It is vanishingly rare that an archival document’s subject has a chance to respond to it so directly. Marbet’s mark-ups overcame an extreme power imbalance. He was watched against his will by one state institution (the police), and their unchecked, unflattering observations were then placed into another state institution (the archives) to persist as historical record. Marbet had no input into this process, and for much of the time was purposefully kept unaware of it. By allowing him the chance to respond, PARC and its resident artists shifted this power dynamic in a more fair direction. The marked-up document is not just good art, it’s also a strong meditation on archival ethics, and an example of a potential solution to an ethically dubious situation.

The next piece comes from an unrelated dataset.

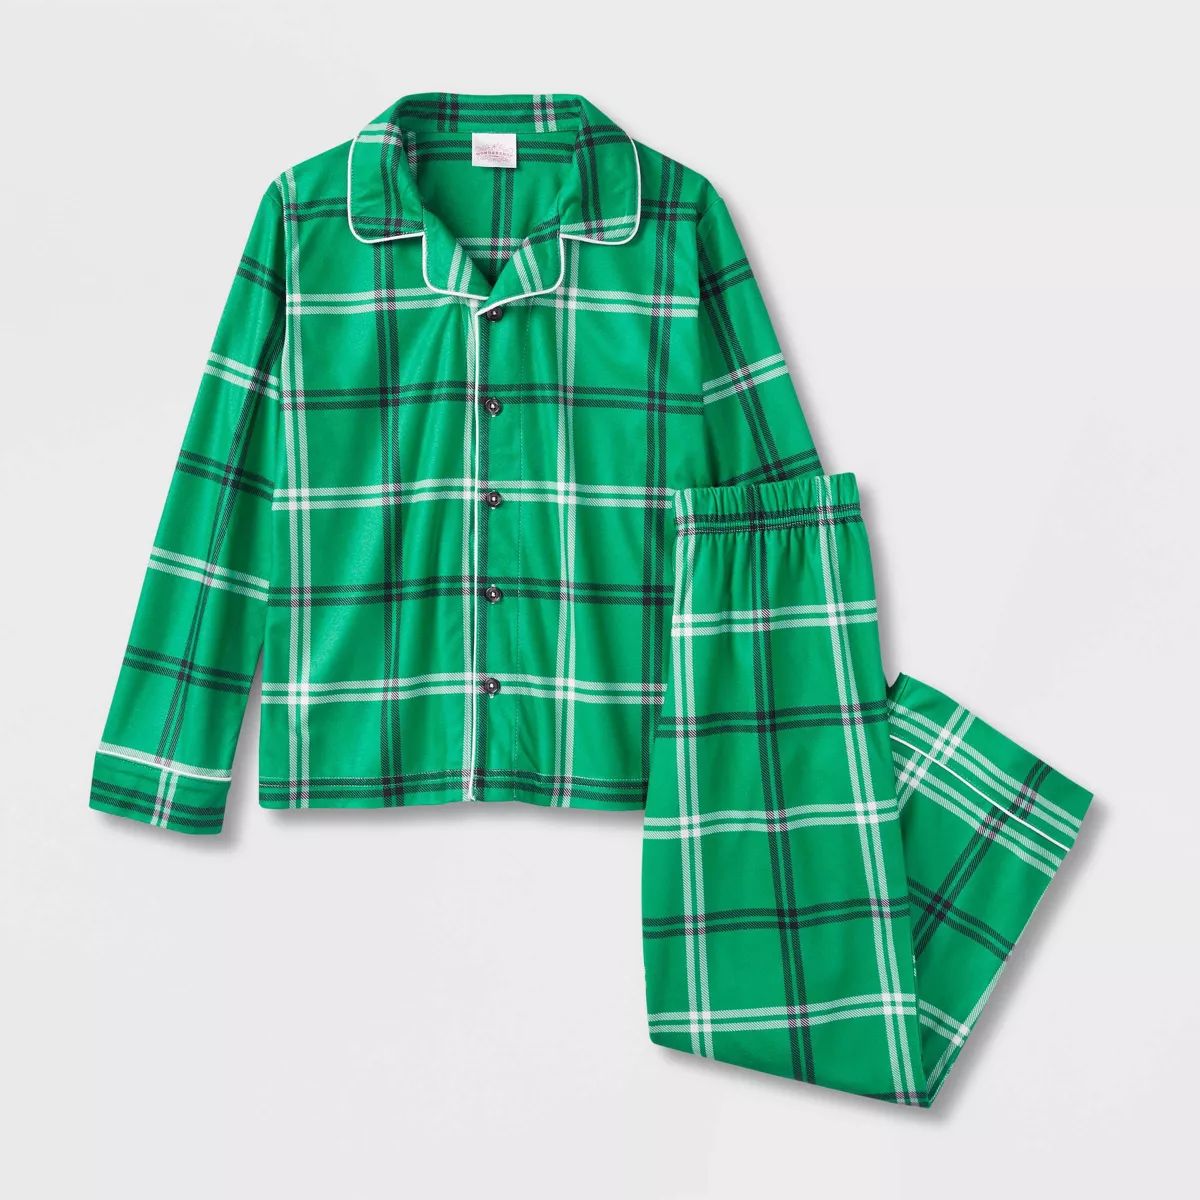 Kids' Plaid Matching Family Pajama Set - Wondershop™ Green | Target

Sand and Imatani created several other excellent works during their PARC residency, including some fascinating poetry performances, a beautiful letterpress printed book, and a handmade bookshelf containing book recommendations by local activists. Their residency ended in February of 2015. I reached out to Diana Banning, Portland’s City Archivist, and she was very positive about the experience: “The first residency with Sand and Imatani was wildly successful, and not just because of the fabulous art and poetry created. They served as excellent ambassadors for our archives, and were able to generate interest and energy within the artist, activist, and archival community.”

PARC has plans to bring in a second artist residency. They currently expect it to begin in January 2016 and run for twelve months. Depending on future funding, they expect to host at least two and potentially up to four more residencies in the future. It will be exciting to see where they take this innovative program!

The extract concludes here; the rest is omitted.